В июне молдавские соцсети захлестнула история о мальчике, которого, по словам его отца, избила мать. Госорганы, как утверждал отец, могли, но не вмешались вовремя в ситуацию. Тысячи пользователей поддержали его и обвинили органы опеки и полицию в бездействии. Глава неправительственного Национального центра предупреждения насилия над детьми Даниэла Сымботяну рассказала в интервью NM, как соцсети влияют на ситуацию, достаточно ли органам опеки полномочий для выполнения своей работы и почему в Молдове с каждым годом становится все больше выявленных случаев насилия над детьми.

«Сейчас органы опеки и попечительства часто только «грозят пальчиком»»

По вашим оценкам, кто вызывает больше доверия в обществе — государственные органы, отвечающие за защиту детей от насилия, или профильные неправительственные организации?

Недавно мы провели небольшой опрос о том, как граждане воспринимают роль разных институтов, в том числе НПО, в защите детей от насилия. Хотя в последнее время доверие к НПО немного выросло, тем не менее очень многие просто не знают, чем они занимаются. И, конечно, нам это немного обидно, потому что мы считаем, что очень большую часть работы в этой сфере делают именно НПО. Но не лучше ситуация и с государственными структурами. По опросу виден не слишком оптимистичный взгляд населения на работу госинститутов.

С чем это связано?

Люди не доверяют им. И поэтому об очень многих случаях насилия над детьми не сообщают в официальные инстанции. И, хотя большинство уверено, что о таком  всегда надо сообщать, эти же люди считают, что в органы опеки или в полицию «не попадает» более половины случаев. Это происходит по разным причинам, в том числе, из-за страха перед агрессором. Но одна из основных причин — недоверие к госструктурам. Более того, в ходе опроса выяснилось, что многие даже не знают, какие учреждения занимаются защитой ребенка от насилия, а некоторые просто боятся туда сообщать. Не «не доверяют», а именно боятся.

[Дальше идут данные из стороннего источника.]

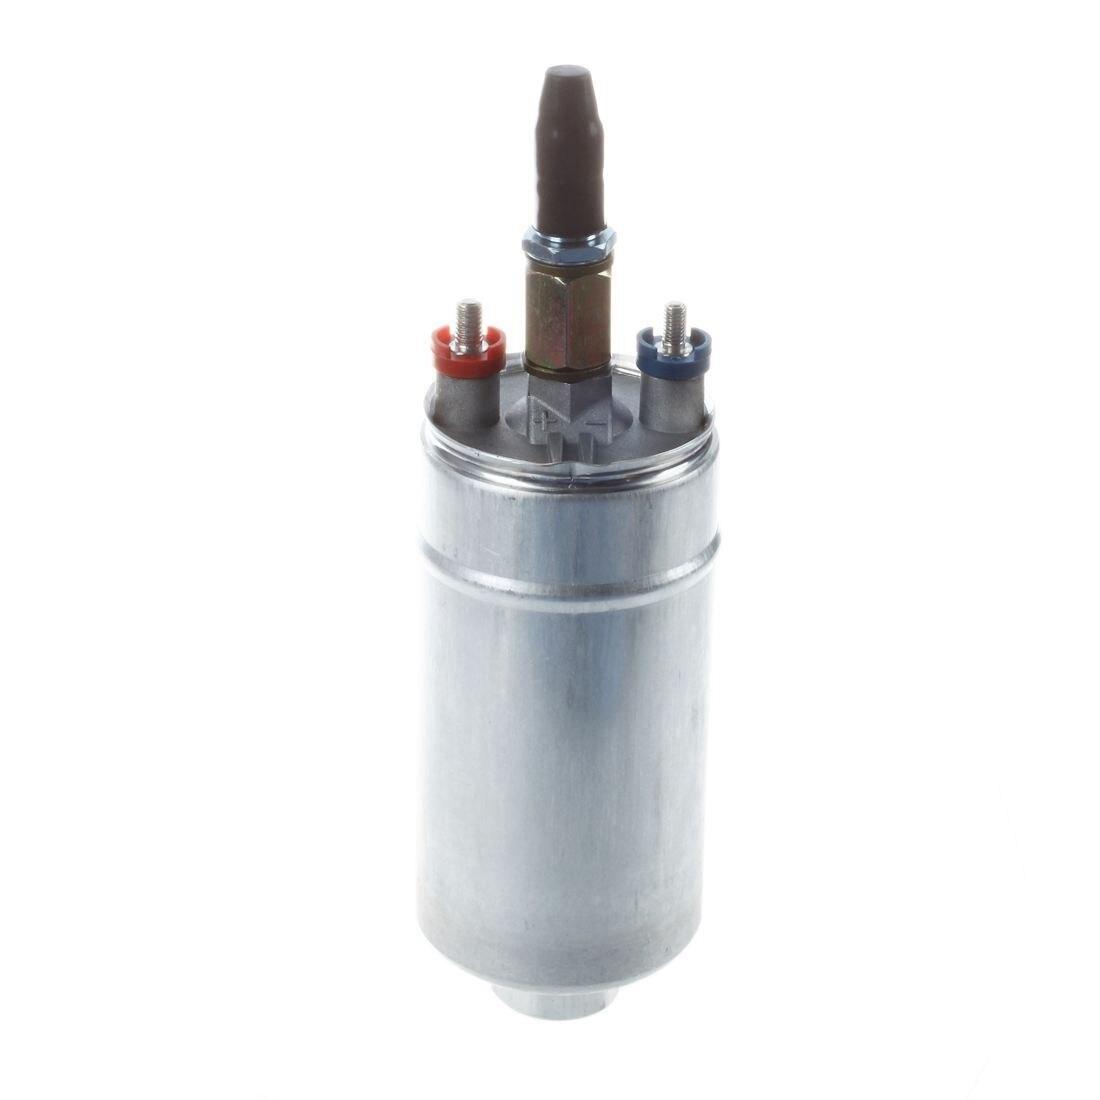 300LPH External Inline Fuel Pump Replacement 044 For 0580254044 xzl 3087 1 replacement elecric fuel pump for fox silver blue
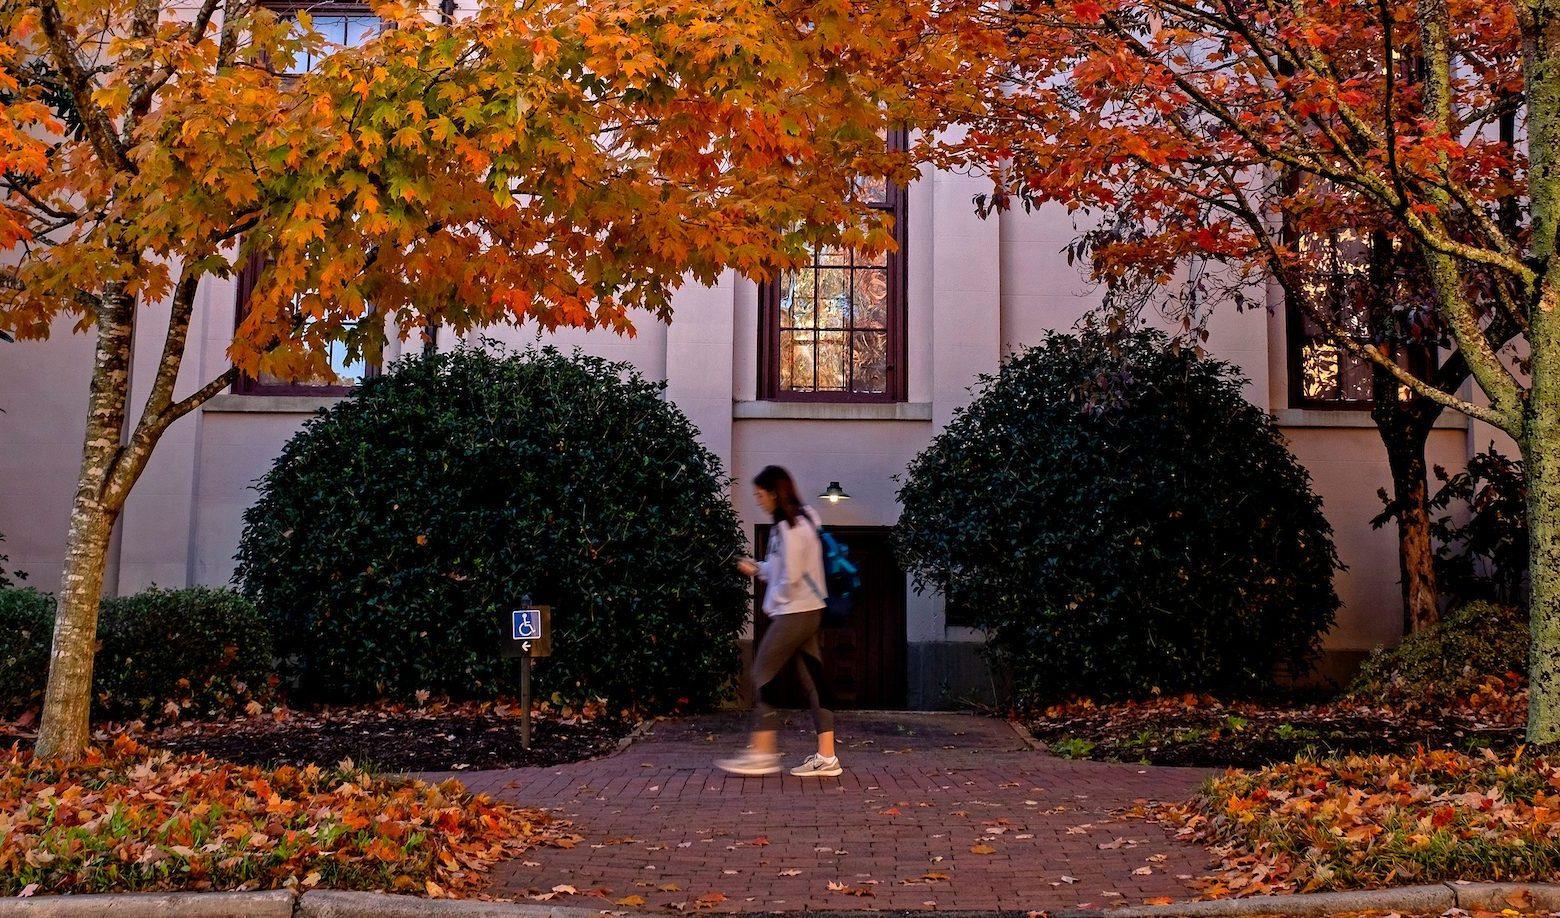 Campus fall scene

Могу только предположить, почему. Думаю, многие не хотят, чтобы система вторично виктимизировала детей. К сожалению, когда расследуется какой-то инцидент, наша система еще недостаточно дружественная по отношению к ребенку. Каждый специалист считает, что он должен обязательно его допросить, задать тысячу вопросов. И ребенок в итоге, повторяя историю десяток раз, а иногда отвечая на неэтичные вопросы, бывает, больше страдает от этих так называемых «исследований», чем от самого инцидента.

Еще одна немаловажная деталь — коррупция. Опять же, нет веры в то, что вынесут справедливое решение. Это показывают и многие другие сходные исследования.

А если взять идеальную ситуацию, без коррупции: дает ли наше законодательство органам опеки достаточно инструментов для выполнения своей работы? Недавно благодаря социальным сетям стало известно об одном случае: отец утверждал, что мальчика избили, а органы опеки ничего не сделали для его защиты, хотя  об опасности для ребенка им сообщали еще до инцидента. Хватает ли им полномочий для разрешения подобных ситуаций?

По-моему, полномочий хватает. Законодательство в этой сфере развито достаточно хорошо. С 2014 года действует закон «Об особой защите детей, находящихся в ситуации риска, и детей, разлученных с родителями». Тогда же правительство утвердило межведомственный механизм, направленный на выявление случаев насилия и защиту от него детей. Благодаря этому многие процедуры были очень внятно прописаны, и стало вполне ясно, что должна делать каждая структура, ответственная за защиту детей. Там очень детально описаны и обязанности органов опеки.

Теоретически, если бы все предписания соблюдались, у нас была бы идеальная ситуация. Проблема в другом: в их реализации на практике. И тут есть несколько причин. Во-первых, неподготовленность кадров. Нужны тренинги, дополнительное обучение, поддержка и коучинг. Другая проблема в том, что у нас не развиты услуги для семей и детей.

Что вы имеете в виду?

Социальные услуги. Например, было установлено, что ребенок или семья находятся в ситуации риска, хотя там еще нет насилия. Для его предупреждения этой семье нужна помощь. У нас почему-то все думают, что органы опеки и попечительства только деньги дают. На самом деле основная их задача — помочь семье решить существующие в ней психологические проблемы. Для этого есть соцработники и психологи. Хотя сейчас органы опеки и попечительства чаще всего только «грозят пальчиком», пугают, что заберут ребенка или как-то иначе накажут родителей. Намного реже семья получает психологическую помощь.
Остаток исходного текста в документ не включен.